The listenership of radio has been dropping for a few years now..due to poor music selection, internet radio, and satellite radio. Internet radio is giving the listener what they want to hear variety in the music and not the same 40 songs that the local radio station is playing.

So what can you the listener do about all this…let your voices be heard?
Every radio station in the United States gets its broadcast license from the Federal Communications Commission for free — on the condition that the station serves “the public interest.”

This license needs to be renewed every eight years. If the station isn’t holding up its end of the bargain, people can file objections with the FCC during this renewal process to let federal regulators know.

These “informal objections” establish an official record of dissatisfaction with a poorly performing station. The more citizens who participate in the license renewal process, the more likely it is that the FCC and the station itself will take notice.  License renewals provide a good organizing opportunity for media activists. You can use the license renewal as a chance to analyze your broadcasters’ service and educate your
community about broadcasters’ public interest duties.

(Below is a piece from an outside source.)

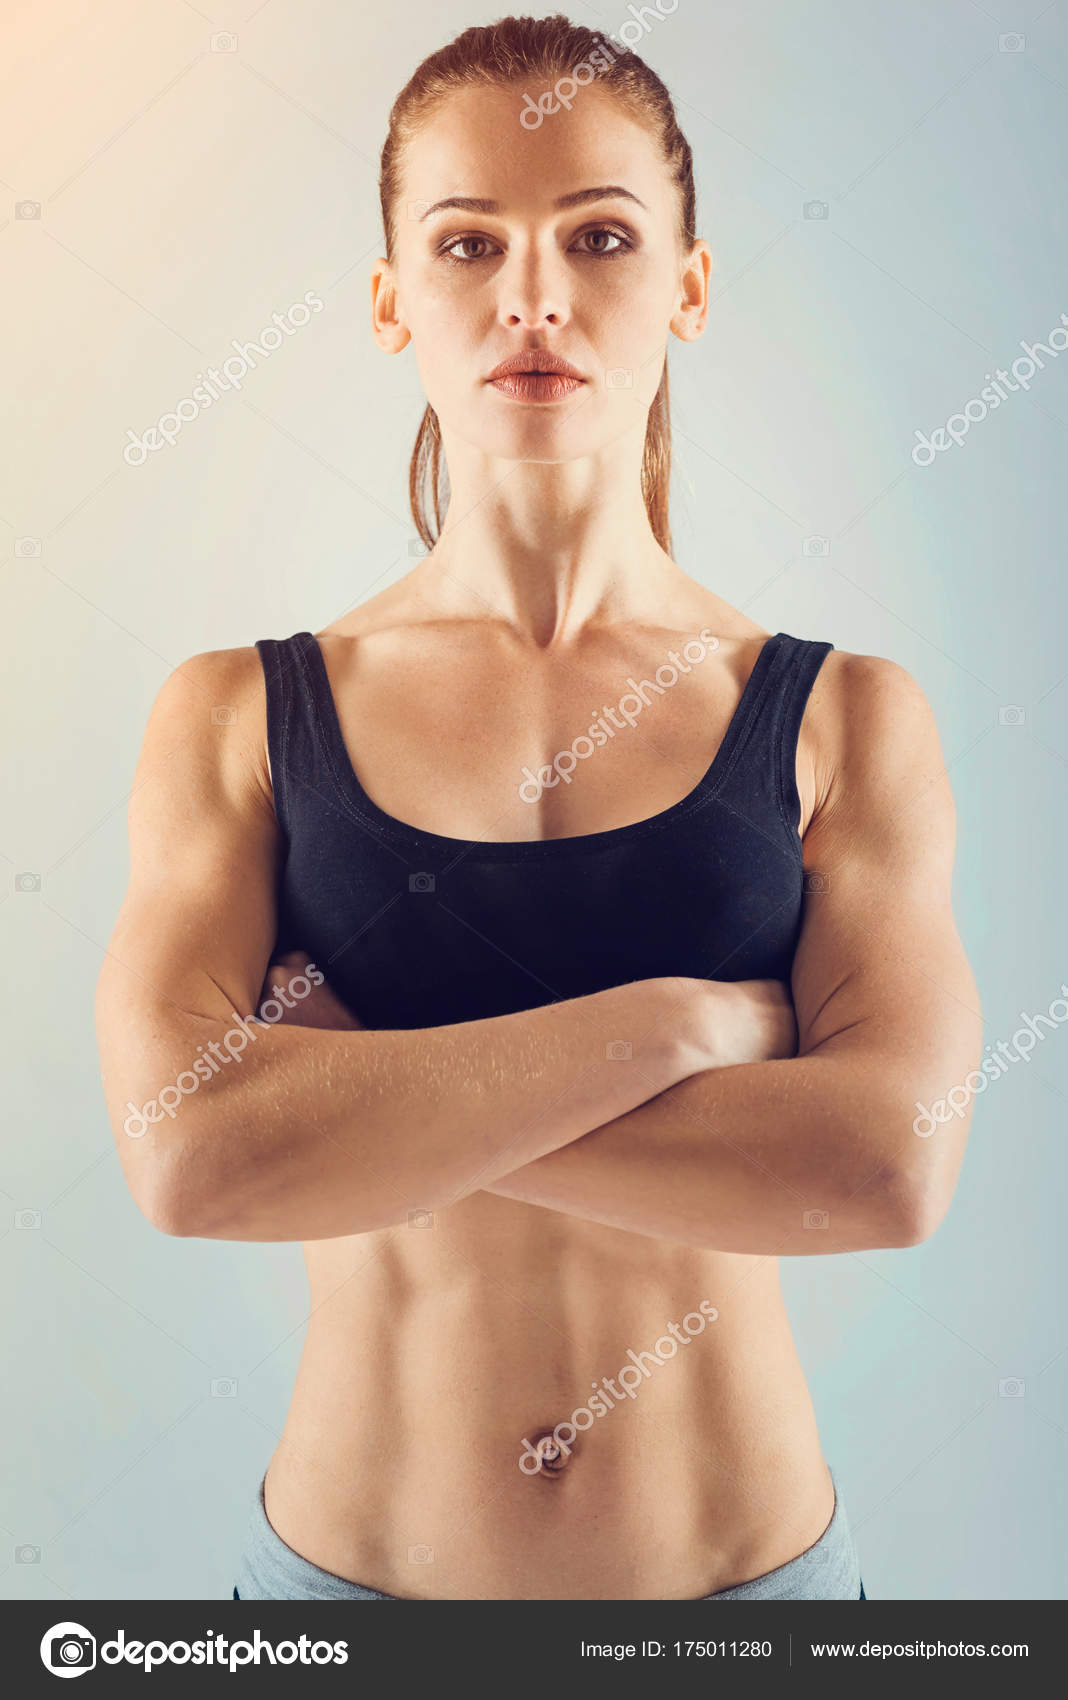 129 fotografias e imagens de Woman Muscular Arms Crossed - Getty Images

Here’s how to file an informal objection:

Step 1: Time It Right
Find out when stations in your state need to renew their licenses. Plan to submit your comments two to four months before the license expires, though you can file any time between when the station submits its renewal and when the renewal is granted. You can monitor the status of a station’s application via the FCC’s Consolidated Database System.

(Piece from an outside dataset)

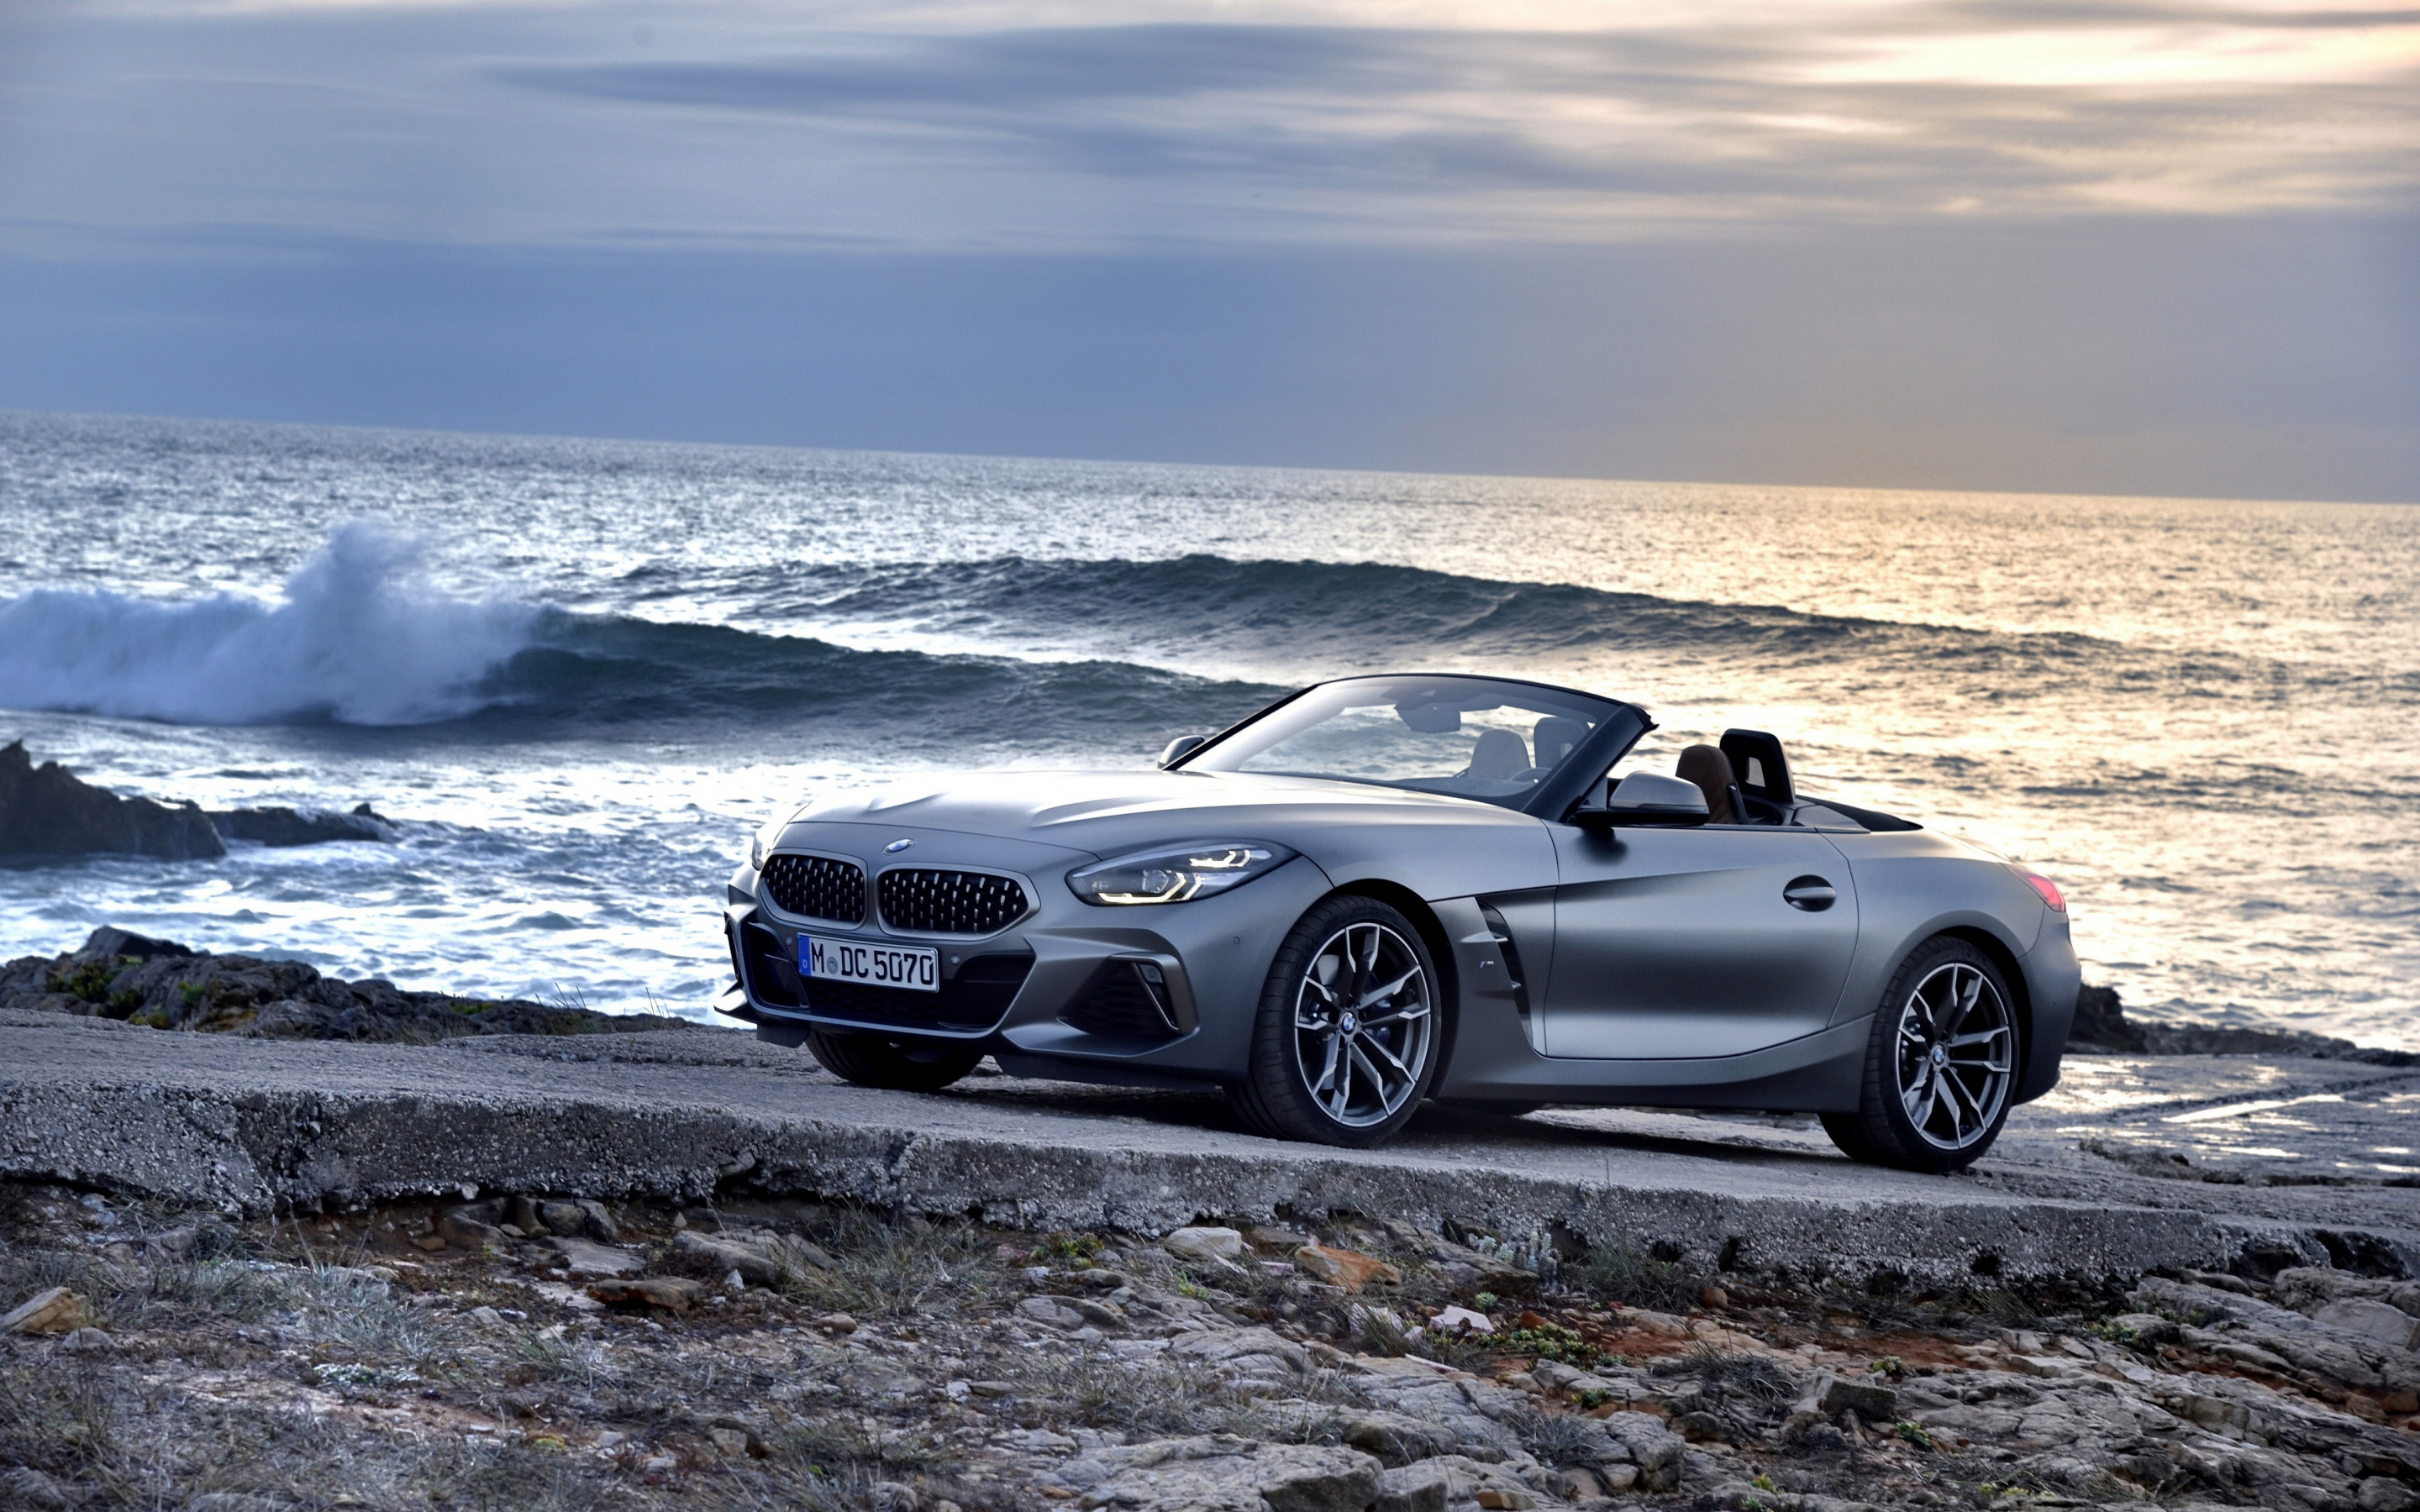 Coast, off-road, BMW Z4, 2880x1800 wallpaper

Step 2: Get Your Information together
Every station is required to keep a public file, which includes documentation of a station’s political, educational, children’s and community affairs programming. You are entitled to look through this file upon request. You can also gather information on a station by monitoring and documenting what the station is broadcasting.
In particular, you may want to examine the station’s news coverage and public affairs programming. Does the local news programming reflect the concerns, needs and values of the community? Does the local news provide adequate and thorough political coverage (both local and national)? Is the station’s political coverage balanced? Or are certain
people or viewpoints being treated unfairly? How does the local news portray different segments of the local community? Does the station air enough community affairs programming? Is the local news actually “local”? Or is it produced and taped elsewhere?

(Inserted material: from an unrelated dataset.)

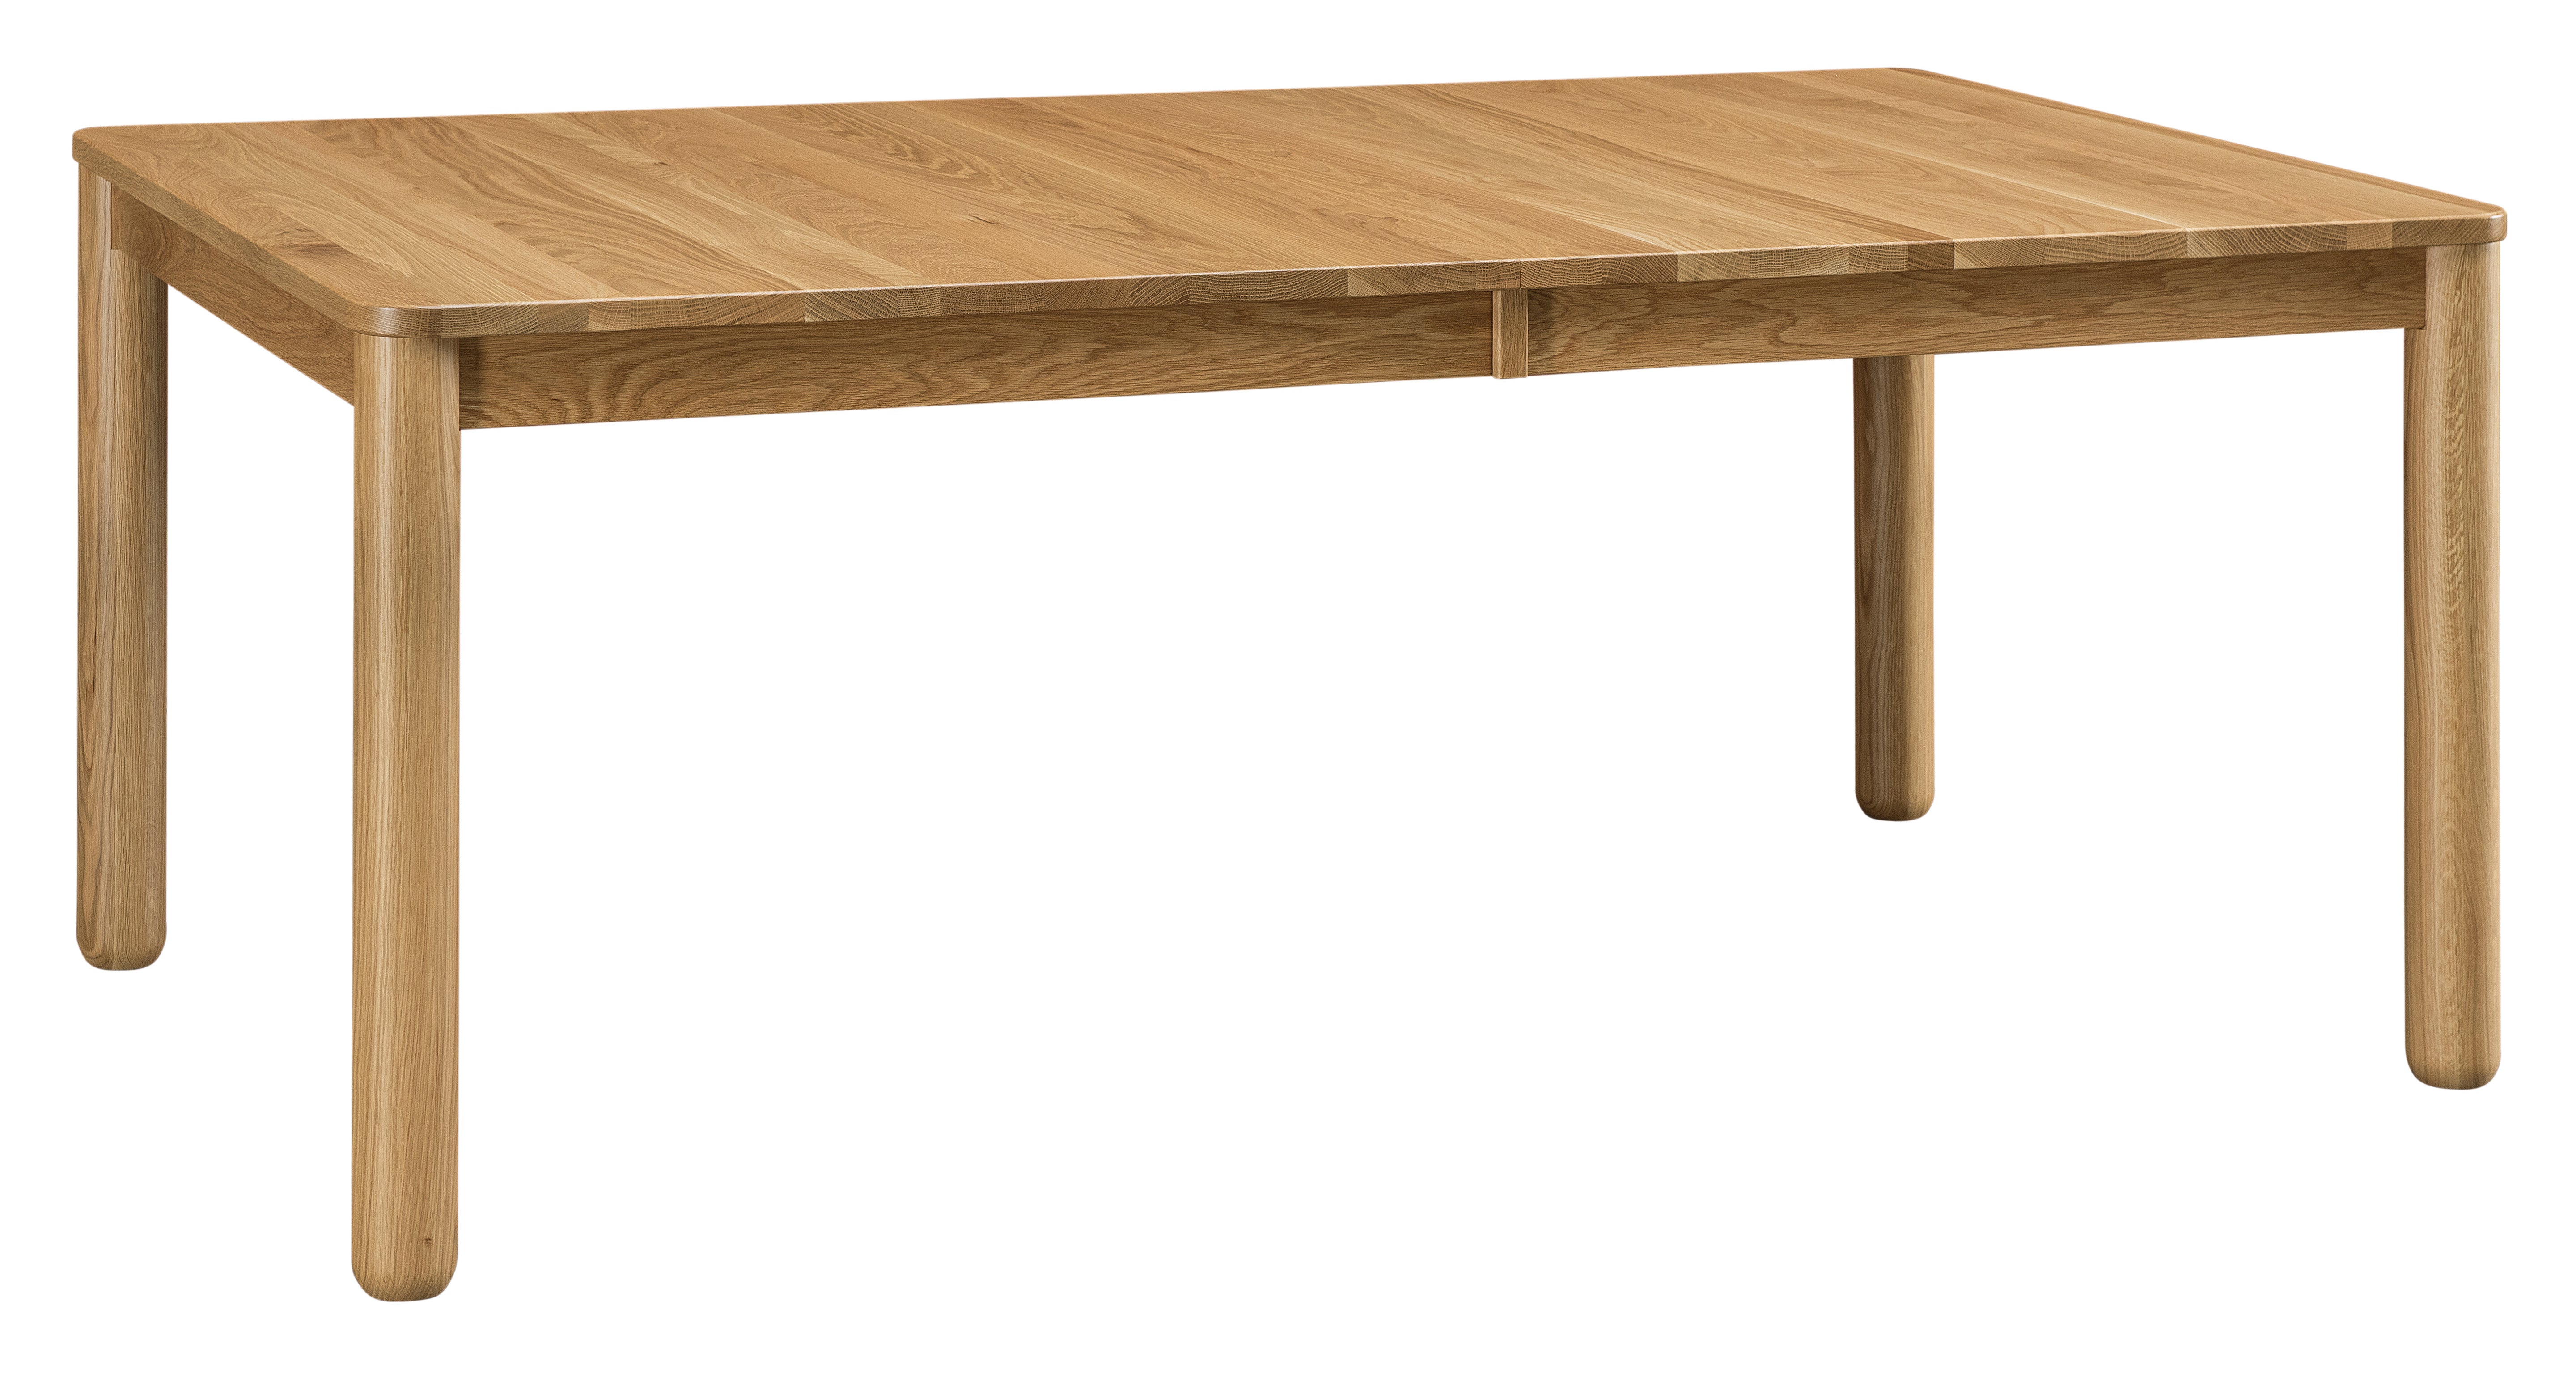 ellianna leg table shown in plain sawn white oak with a natural 10 sheen finish

Step 3: Sending that Letter
On the first page of the letter, include the station’s call letters, city and state, the station’s facility number, and the station’s license renewal application file number (you can find this info in the FCC’s database).
In the body of your letter, provide specific information about the station’s performance and why its license should be revoked. Point out the things you found during Step 2 – and any actions by the station that aren’t in your community’s best interests. Remember that the FCC doesn’t monitor stations’ programming, so provide as many specifics as you
can.

For radio stations, address your letter to:

Audio Division, License Renewal Processing Team
Mailstop 1800B
FCC, Office of the Secretary
445 12th St. SW
Washington, DC 20554

You must also send a copy of your objection to the station’s general manager. Filing an informal objection isn’t the only way to get involved in the license renewal process; you can also file a formal “Petition to Deny,” which carries more weight but requires more work (and usually the help of a few lawyers). See the FCC site for more information.

In Binghamton one Dick Jockey and a handful of listeners sent a petition to the FCC asking the agency to deny the license renewals of 11 local radio stations owned by Clear Channel Communications. The local group contends the nationwide corporate takeover of radio stations has limited local production, lowered the quality of broadcasting and nearly destroyed the medium.

Remember the airwaves are in a public trust and we have handed it over to these companies.